Lead Software Security Researcher

Finite State partners with product security teams, the guardians of our connected world, to create transparency for their connected devices and supply chains. Our platform handles connected devices and embedded systems across all industries, including those found in enterprises, healthcare, utilities, connected vehicles, manufacturing facilities, critical infrastructure, and government entities.

We are a fast-growing series-B company with a fully distributed workforce. Led by a team of seasoned experts, we are a mission-driven team passionate about arming our customers with the actionable insights, critical vulnerability data, and remediation guidance necessary to mitigate product risk and protect the connected attack surface. We are committed to a remote first culture.

Role summary

Finite State is looking for a Lead Security Researcher. In this role you will work on the Software Testing Pipeline team to develop, maintain, and expand Finite State security analysis. You will collaborate with other engineering teams and lead projects extending the reach and accuracy of our software analysis tools, and develop unique solutions to problems that have never been solved before. Our tools analyze compiled binaries (focusing on embedded devices), as well as source code and other artifacts.

You must be based in and authorized to work in Canada, the UK, or the EU.

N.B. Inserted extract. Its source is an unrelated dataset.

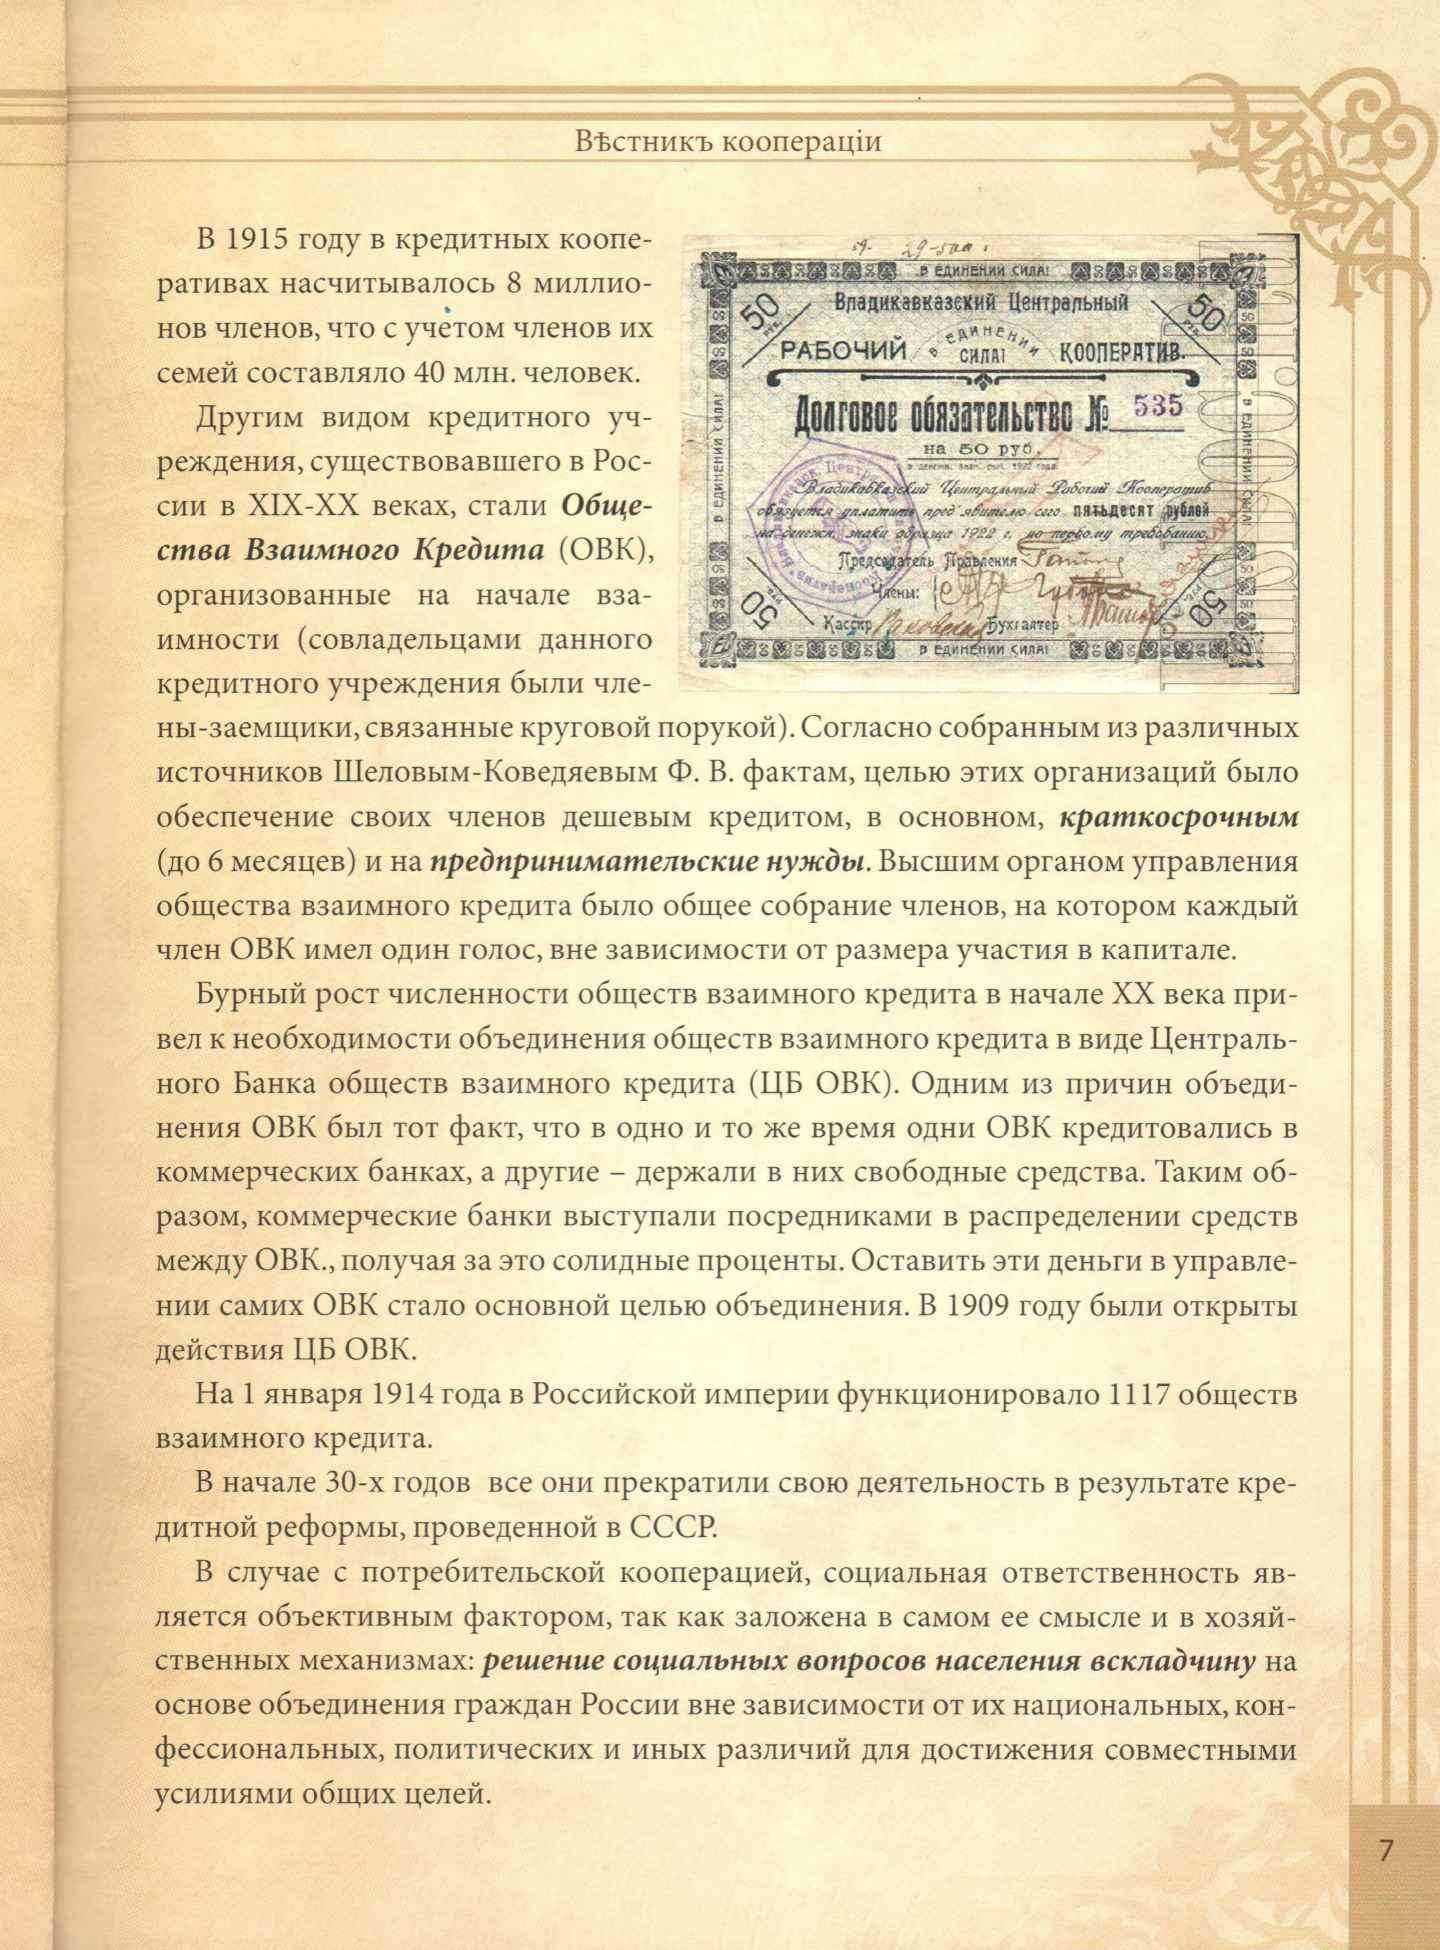 Вестник кооперации-7

As a Lead Security Researcher, you will:

• Lead projects to develop proofs of concept and implement new static analysis methods for the Finite State Software Testing Pipeline.
• Lead efforts to identify & prioritize security risks (CVEs; CWEs; network, device, and configuration issues; key and credential analysis; etc). You will build tools (or leverage existing tools) to identify these risks in binary software.
• Develop techniques for software composition analysis focused on binary analysis for both statically and dynamically compiled software.
• Gain familiarity with all parts of the analysis pipeline to effectively contribute as needed in all analysis domains.
• Be responsible for pragmatic technical decision-making to ensure we're delivering high quality software on a reasonable schedule.
• Uphold our core values of transparency, results, accountability, customer dedication, and courage.
• Champion our mission to protect our connected world.

What we’re looking for:

• A motivated contributor willing to dive in to solve a wide array of difficult and novel problems.
• Proven experience working in security research or software analysis.
• Experience in implementing and utilizing static-analysis and dynamic-analysis tools.
• Experience with disassemblers and other reverse-engineering tools.
• Understanding of common vulnerability & software weakness classes.
• Programming skills in Python, and an affinity for automated testing.
• Experience working on small, fast-paced teams.
• Strong communication and collaboration skills.

It’s a plus if you also have:

• Data science, machine learning, and LLM skills.
• Experience working with or analyzing real time operating systems (RTOS).
• Experience with AWS or similar cloud platform environments.
• A growth mindset and the ability to mentor and advise engineers across the department.

What’s in it for you:

• Competitive salary with stock option grant.
• Fully covered medical, dental, vision.
• Unlimited PTO & outstanding parental leave.
• WFH stipend.
• Short and long-term disability coverage.
• Life insurance.

About Us

Built on two decades of cybersecurity experience, our team of experts understands the hidden risks in today’s enterprise networks, where IoT vulnerabilities are quickly becoming the entry point of choice for cyber attacks.

We have a sense of duty to protect the critical infrastructure we rely on including medical devices, power grids and telecommunication networks. We were founded in 2017 in Columbus, Ohio.

Finite State has a transparent, collaborative, and supportive culture - we are looking for people who have a growth mindset, are curious and innovative, and drive results. Our team is smart, but humble, hardworking with lots of fun sprinkled in. Above all, our team is driven by our noble mission and we hold ourselves accountable to delivering to our customers every single day.

We are proud to be an Equal Employer Opportunity employer. We do not discriminate based upon race, religion, color, national origin, gender (including pregnancy, childbirth, or related medical conditions), sexual orientation, gender identity, gender expression, age, status as a protected veteran, status as an individual with a disability, or other applicable legally protected characteristics. Finite State is committed to working with and providing reasonable accommodations to applicants with physical and mental disabilities.